The XLSMPOPTS Environment Variable

The XLSMPOPTS environment variable allows you to specify options that affect SMP execution.

You can declare XLSMPOPTS by using the following ksh command format:

                      .-:------------------------------------------.
                      V                                            |
>>-XLSMPOPTS=--+---+----runtime_option_name--=----option_setting---+--+---+-><
               '-"-'                                                  '-"-'

You can specify option names and settings in uppercase or lowercase. You can add blanks before and after the colons and equal signs to improve readability. However, if the XLSMPOPTS option string contains imbedded blanks, you must enclose the entire option string in double quotation marks (").

You can specify the following run-time options with the XLSMPOPTS environment variable:

schedule

Selects the scheduling type and chunk size to be used as the default at run time. The scheduling type that you specify will only be used for loops that were not already marked with a scheduling type at compilation time.

Work is assigned to threads in a different manner, depending on the scheduling type and chunk size used. A brief description of the scheduling types and their influence on how work is assigned follows:

dynamic or guided

The run-time library dynamically schedules parallel work for threads on a "first-come, first-do" basis. "Chunks" of the remaining work are assigned to available threads until all work has been assigned. Work is not assigned to threads that are asleep.

static

Chunks of work are assigned to the threads in a "round-robin" fashion. Work is assigned to all threads, both active and asleep. The system must activate sleeping threads in order for them to complete their assigned work.

affinity

The run-time library performs an initial division of the iterations into number_of_threads partitions. The number of iterations that these partitions contain is:

   CEILING(number_of_iterations / number_of_threads)

These partitions are then assigned to each of the threads. It is these partitions that are then subdivided into chunks of iterations. If a thread is asleep, the threads that are active will complete their assigned partition of work.

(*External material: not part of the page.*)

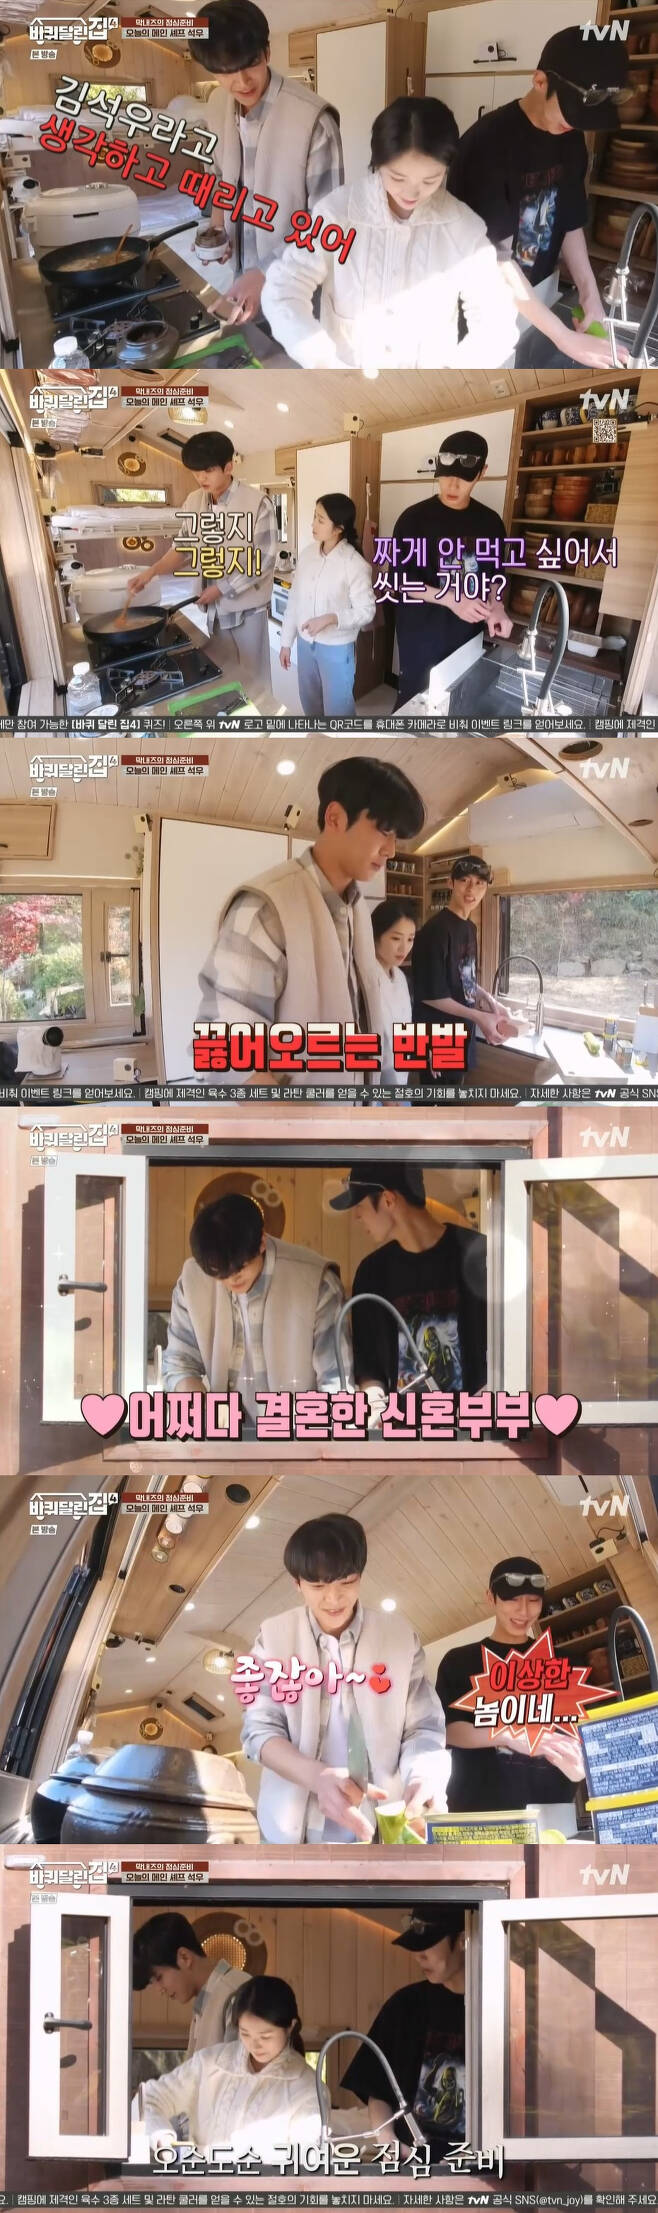 /사진=tvN 예능 프로그램 ‘바퀴 달린 집4’ 방송화면

Choosing chunking granularity is a tradeoff between overhead and load balancing. The syntax for this option is schedule=suboption, where the suboptions are defined as follows:

affinity[=n]: As described previously, the iterations of a loop are initially divided into partitions, which are then preassigned to the threads. Each of these partitions is then further subdivided into chunks that contain n iterations. If you have not specified n, a chunk consists of CEILING(number_of_iterations_remaining_in_local_partition / 2) loop iterations.
When a thread becomes available, it takes the next chunk from its preassigned partition. If there are no more chunks in that partition, the thread takes the next available chunk from a partition preassigned to another thread.
dynamic[=n]: The iterations of a loop are divided into chunks that contain n iterations each. If you have not specified n, a chunk consists of CEILING(number_of_iterations / number_of_threads) iterations.
guided[=n]: The iterations of a loop are divided into progressively smaller chunks until a minimum chunk size of n loop iterations is reached. If you have not specified n, the default value for n is 1 iteration.
The first chunk contains CEILING(number_of_iterations / number_of_threads) iterations. Subsequent chunks consist of CEILING(number_of_iterations_remaining / number_of_threads) iterations.
static[=n]: The iterations of a loop are divided into chunks that contain n iterations. Threads are assigned chunks in a "round-robin" fashion. This is known as block cyclic scheduling. If the value of n is 1, the scheduling type is specifically referred to as cyclic scheduling.
If you have not specified n, the chunks will contain CEILING(number_of_iterations / number_of_threads) iterations. Each thread is assigned one of these chunks. This is known as block scheduling.

If you have not specified schedule, the default is set to schedule=static, resulting in block scheduling.

Related Information:: For more information, see the description of the SCHEDULE directive in the XL Fortran for AIX Language Reference.

Parallel execution options

The three parallel execution options, parthds, usrthds, and stack, are as follows:

parthds=num: Specifies the number of threads (num) to be used for parallel execution of code that you compiled with the -qsmp option. By default, this is equal to the number of online processors. There are some applications that cannot use more than some maximum number of processors. There are also some applications that can achieve performance gains if they use more threads than there are processors.
This option allows you full control over the number of execution threads. The default value for num is 1 if you did not specify -qsmp. Otherwise, it is the number of online processors on the machine. For more information, see the NUM_PARTHDS intrinsic function in the XL Fortran for AIX Language Reference.
usrthds=num: Specifies the maximum number of threads (num) that you expect your code will explicitly create if the code does explicit thread creation. The default value for num is 0. For more information, see the NUM_USRTHDS intrinsic function in the XL Fortran for AIX Language Reference.
stack=num: Specifies the largest amount of space in bytes (num) that a thread's stack will need. The default value for num is 4194304.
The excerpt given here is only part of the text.